Most DCC users insist on "speed matching" their locos. This is a process of configuring decoders so that different brands and models of locos all travel at the exact same speed for a given speed step. They may make the locos match speeds exactly from 1% to 80% of the throttle setting. Then they can use the last 20% of the speed curve to set the maximum speed to match the prototype. This way, they can MU any two locos together and they play nice together as long as the operator stays below 80% on their throttle. Mikados, and other freight locos would then have a lower top speed than Pacific's and other passenger locos.

This speed matching even extends to switchers. A switcher can be speed matched to a road engine. Then you can change to switching mode, (turn on F6 with the switching mode CV enabled), and set the maximum prototypical speed for the switcher.
Now you have a switcher that normally uses the full range of the throttle to provide fine slow speed control and a prototypical speed for the switcher, but, by turning of F6, you can press it into service as a helper at the rear of a train and it will not fight the road engines, push cars to the outside or string them on curves. This works great where two users can coordinate their speeds to the same numbers displayed on their throttles or where the locos are consisted.

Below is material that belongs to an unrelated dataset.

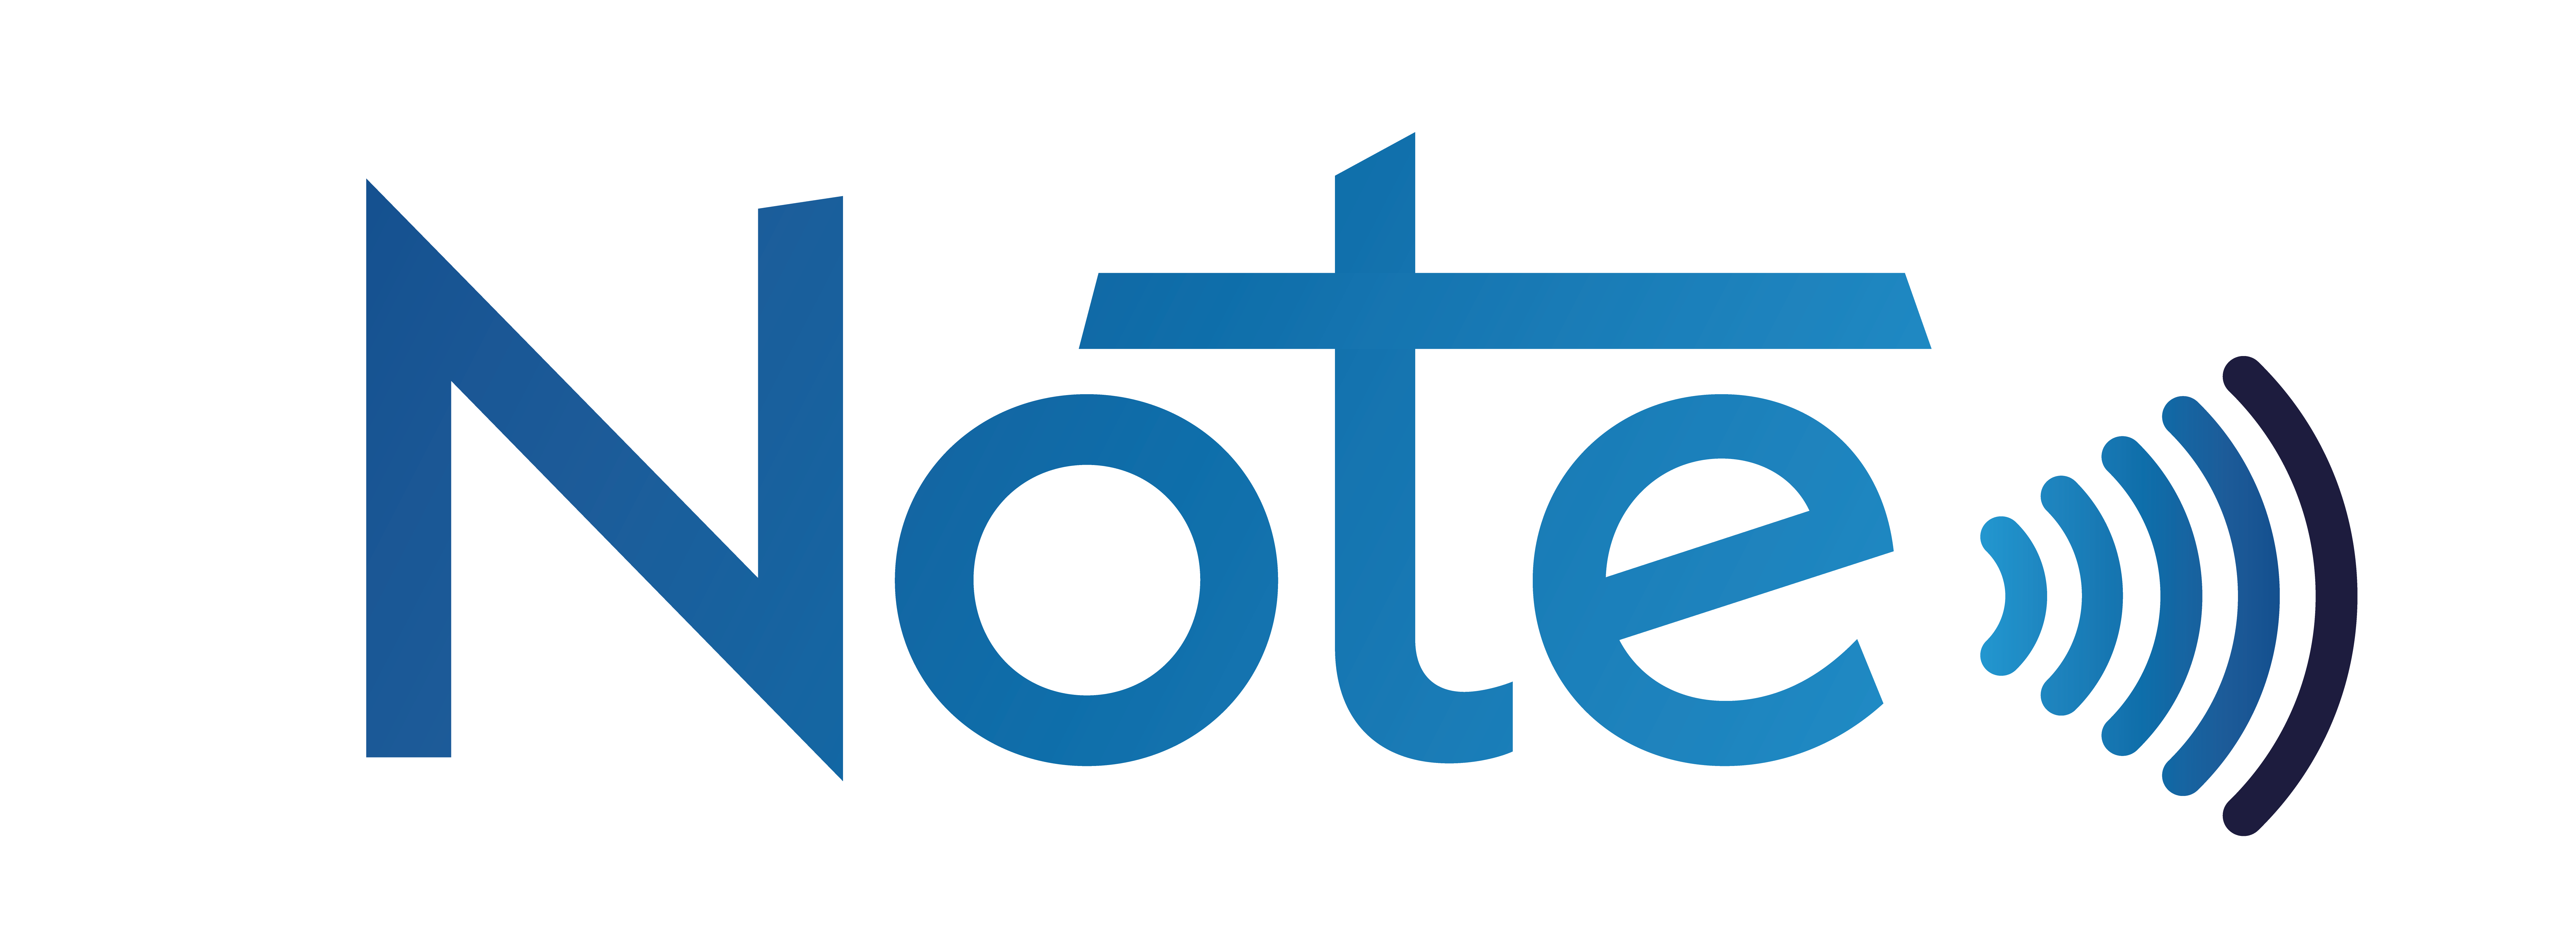 logo du groupe Otélio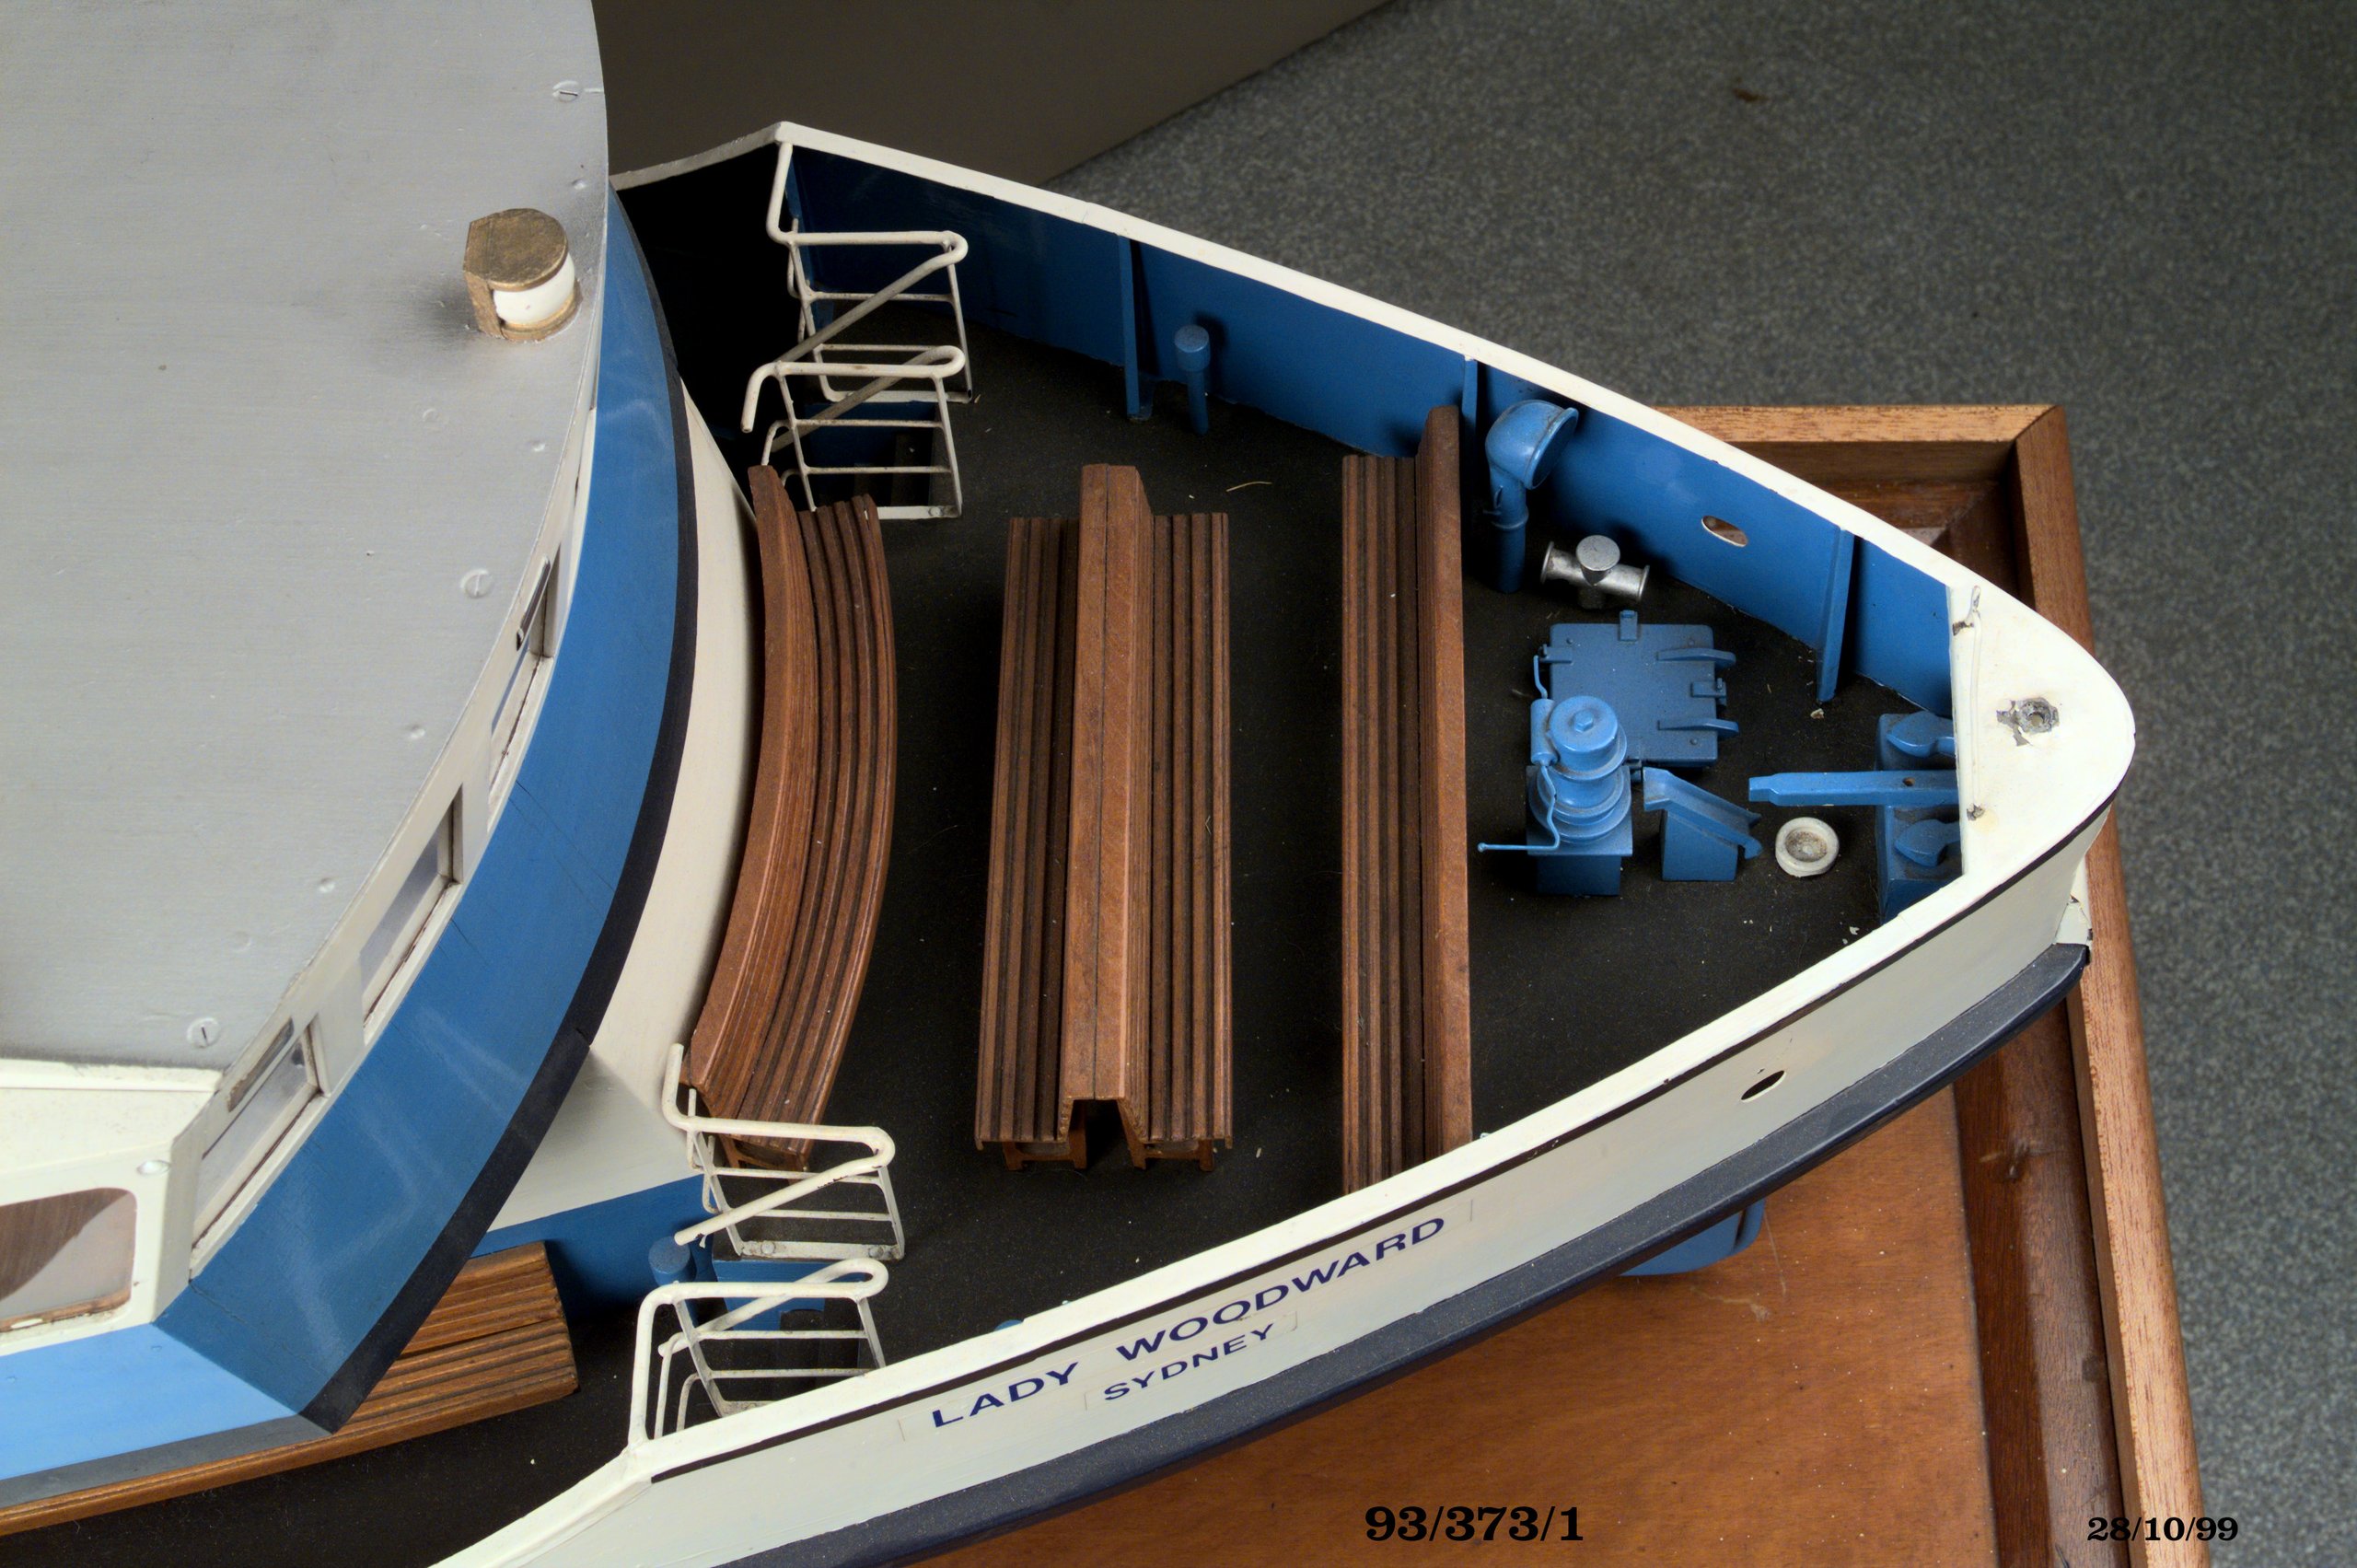 Model of Sydney ferry 'Lady Woodward'

All my LGB locos were easy to set up using this method. Each loco has at top speed appropriate to their prototype yet can be MU'd together. All speed curves are the same up to 80%. Doing the same thing with other brands can become a nightmare. There are even complicated computer programs to help. Matching the speed curve of a Bachmann Kay so that it can be MU'd with Bachmann Annie requires running each loco through three detection blocs at least 28 times. Then the procedure has to be repeated to verify it and fine tune it. Even then, the power curves of the locos do not match. While speed matching will result in both locos running at the same speed with a light load, they won't as you add more cars to both locos. Back EMF helps in this situation, but, if the motors are significantly different, even that requires a lot of tweaking to even get them close.

So, I would say, All the locos should run at the same speed for a given voltage on DC. Then, the advanced user can install Battery/RC or DCC and alter the speed range to suit the way they want to run their trains. I can see where there should be rreasonable exceptions, The Fortuna flyer, ACL and Shay come to mind.


----------



## Torby (Jan 2, 2008)

Other guys at the garden are always asking if I can speed up a little.


----------



## Mik (Jan 2, 2008)

None of the above? If I TRIED to use warp 9 they'd just sail off the table just like my old TYCO HO stuff used to, except the crash would be louder and much more spendy. performance at 2, 3 or 4 would be MUCH more useful 

BTW since I mostly run a bashed LGB 2017 there AIN'T no stinkin "prototype"...OTOH the fact that with the matching power tender it can pull FAR more than any "real" 0-4-0 comes in rather handy if I want to pull 6-7 cars instead of 4


----------



## Dwight Ennis (Jan 2, 2008)

Not that my vote really counts 'cause I don't do 'lectricity, but I like slow speeds. No warp speeds here... 1/8 impulse of less (besides, speeds above 1/4 impulse but less than Warp 1 result in increasing relativistic effects like time dilation).


----------



## Semper Vaporo (Jan 2, 2008)

The question was NOT "Do you like to run fast?"!!!!! 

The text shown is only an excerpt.